Sat yesterday and Saturday afternoons. I had a doe and two fawns bust me Saturday when I was sitting on the ground (forgot the climber #-o ). I headed back out yesterday pre-front and hoped to catch them moving. Wind was blowing hard and my tree was swaying the whole time, and I didn't expect to see anything. I ended up watching the same doe and fawns from the day before for an hour. Both fawns wanted some milk but mama wasn't having any of that. It was pretty neat watching these deer up close.

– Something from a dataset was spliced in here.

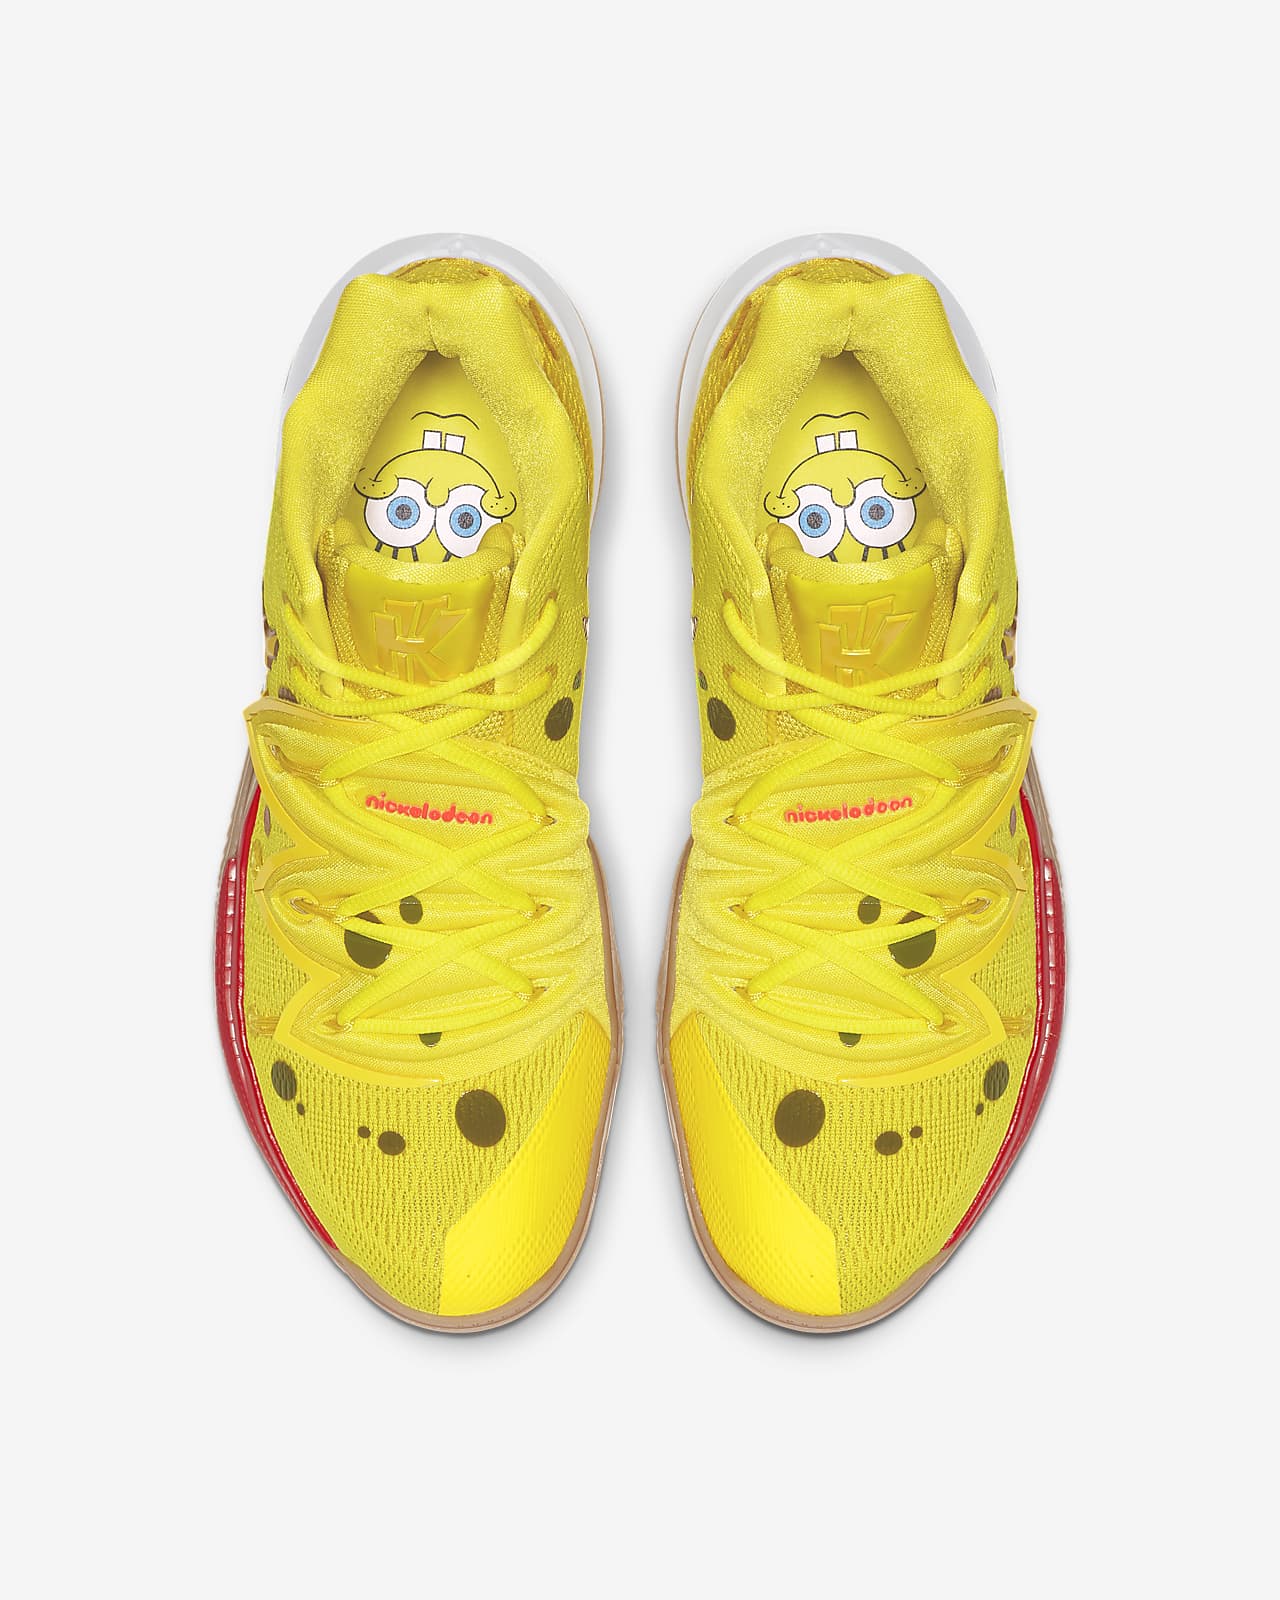 spongebob shoes for boys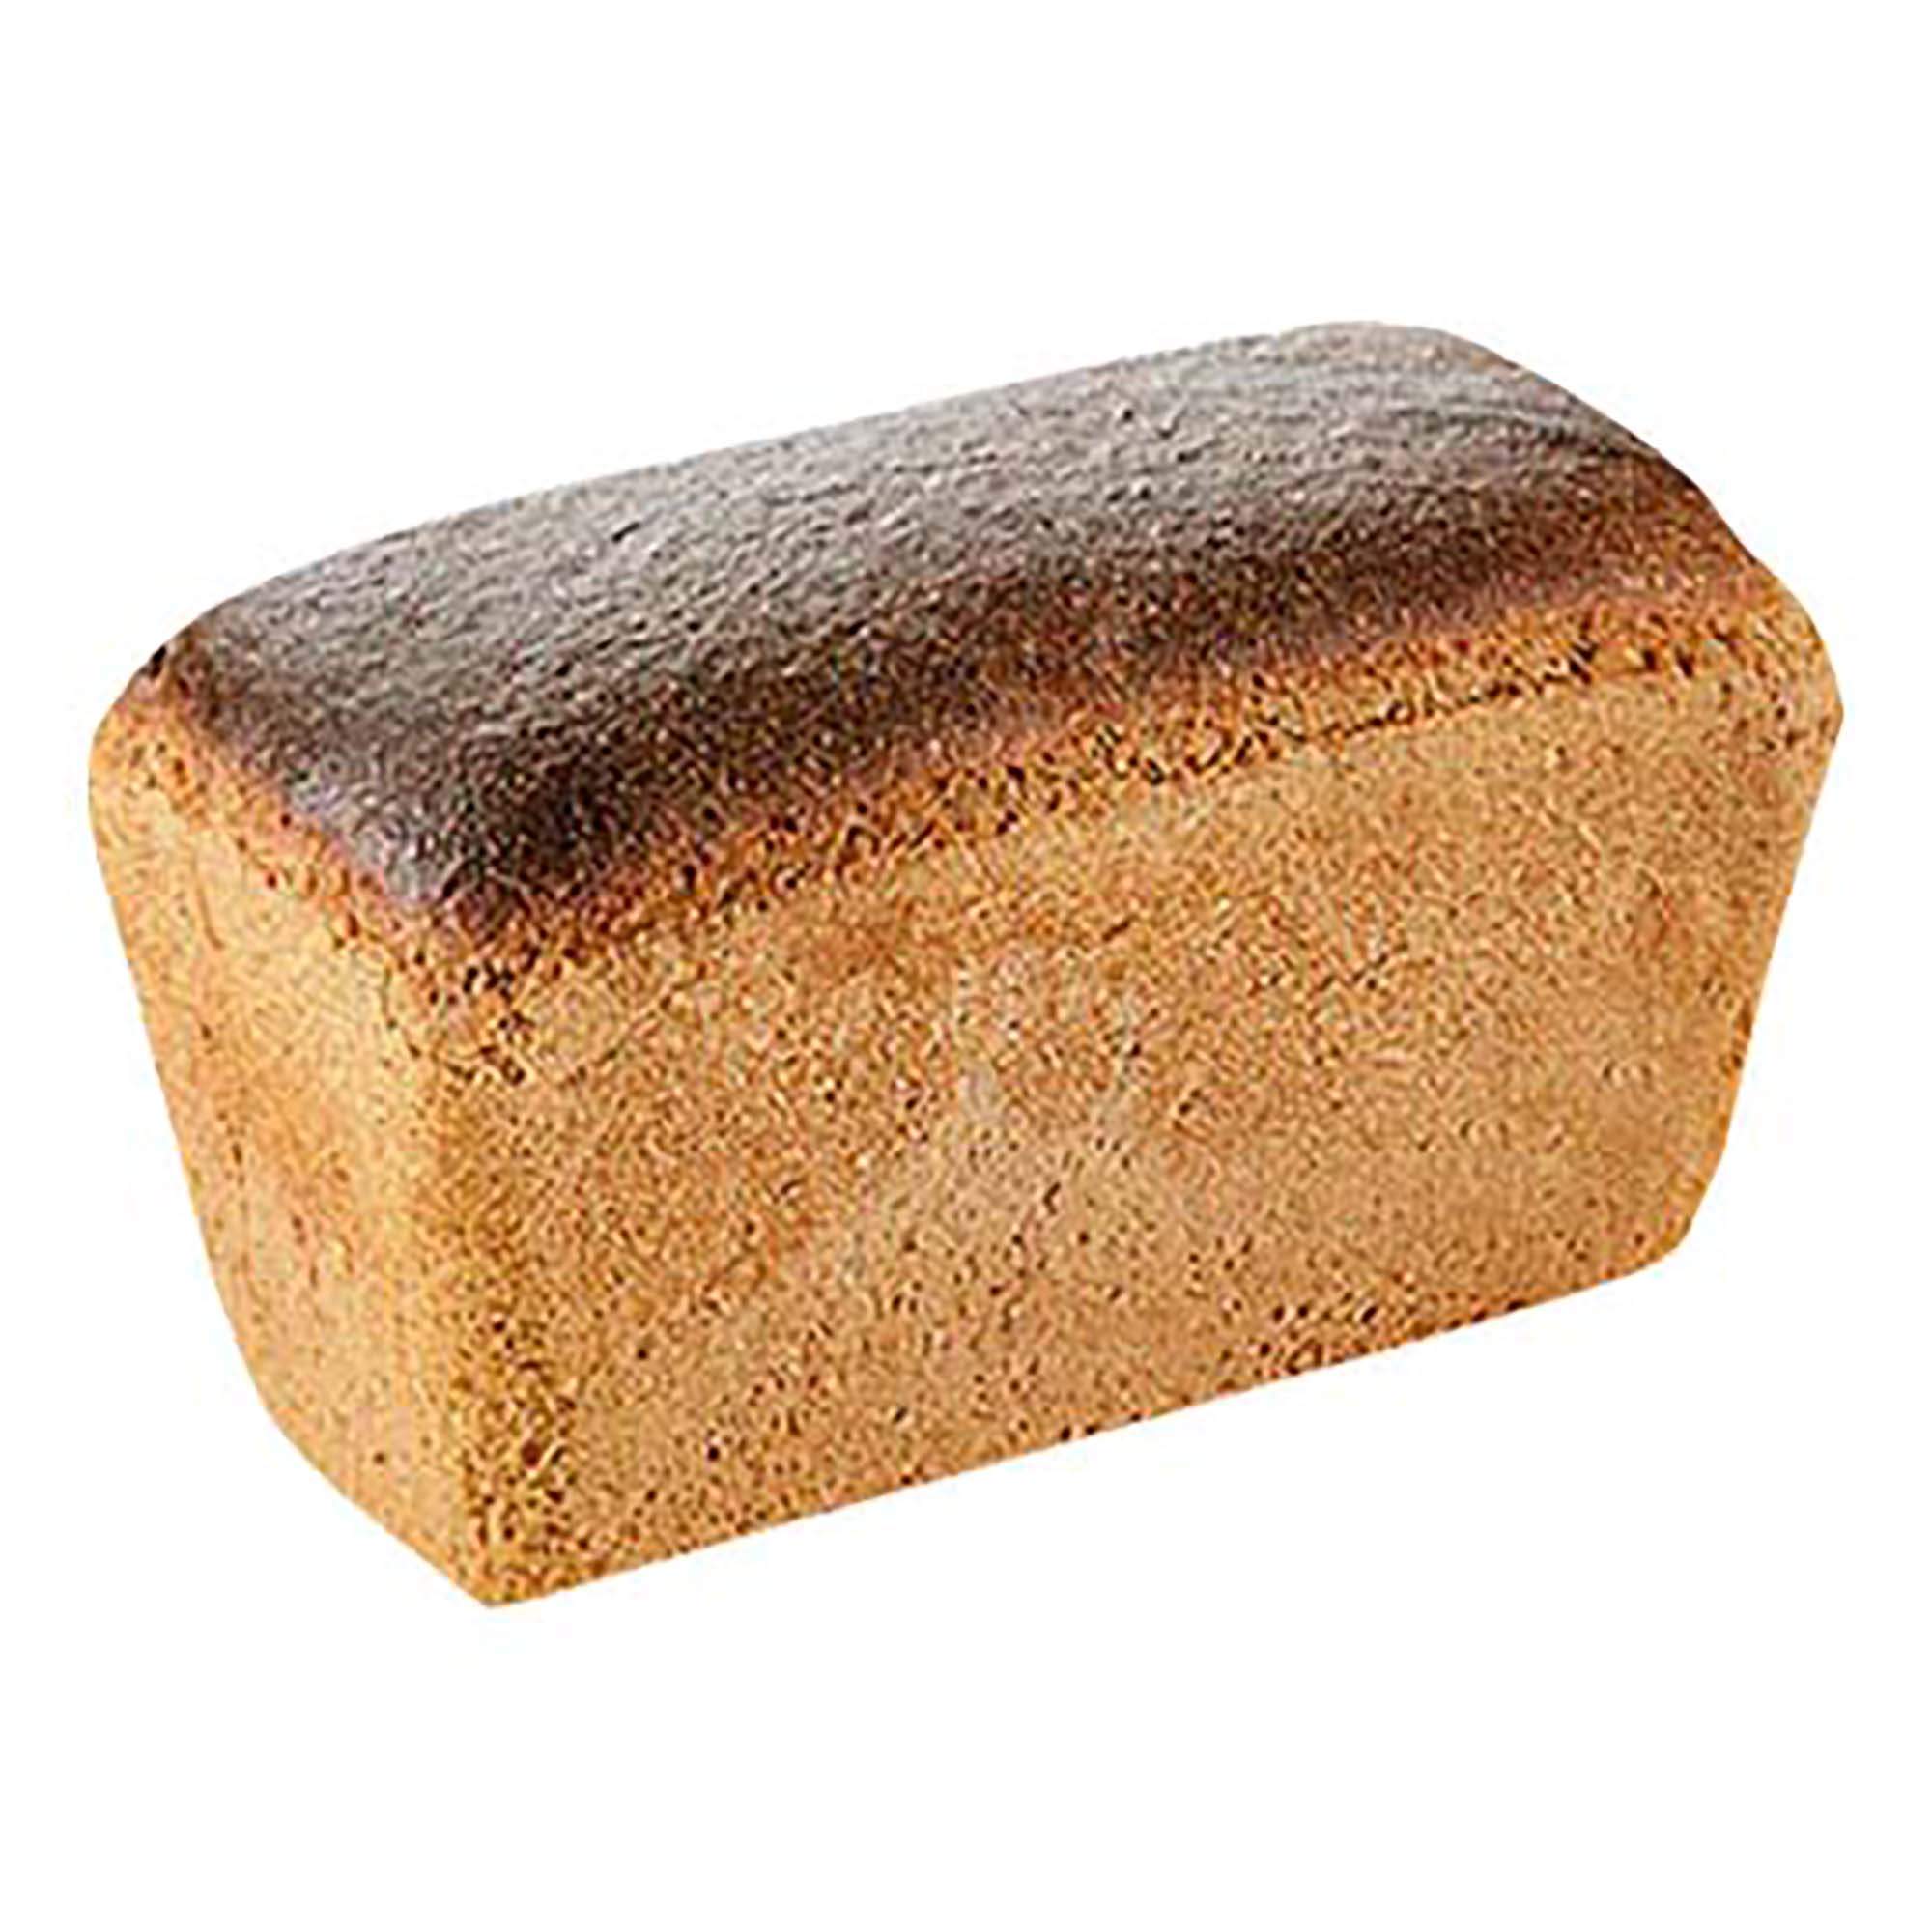 Хлеб серый, Королевский хлеб, Дарницкий, 620 г

Cell phone pictures..forgot the good camera

Lane 1-40 yards






Lane 2-50 yards





Doe and a fawn









Fawn that wandered off to within 5 yards of my tree and bedded down for 30 minutes


----------



## Quackrstackr (Aug 31, 2009)

I take it you are opposed to shooting fawns? :mrgreen:


----------



## switchback (Aug 31, 2009)

That was funny.


----------



## Jim (Aug 31, 2009)

great report...my season would of been done. :LOL2:


----------



## Loggerhead Mike (Aug 31, 2009)

aaaaaw man not huntin reports all ready. your killin us fellers waitin on season to start [-X 

looks like some nice property your huntin on. that a savage your shooting?


----------



## Jwengerd (Aug 31, 2009)

Those little ones are nice and tender :mrgreen:


----------



## FishinsMyLife (Aug 31, 2009)

In 15 days I can legally take any of the three deer I saw. You can start using doe (actually "antlerless deer") tags half way through September. Bucks only until then. I killed a button buck (thought it was a doe) last year and although he was awfully tender :lol: , he didn't yield too much meat.
Big momma is going to get her shoulder blades pinned together if she keeps hanging around there.

Gun is a Weatherby Vanguard.


----------



## Andy (Sep 1, 2009)

FishinsMyLife said:


> get her shoulder blades pinned together



LOL!! First time I've heard that one.


----------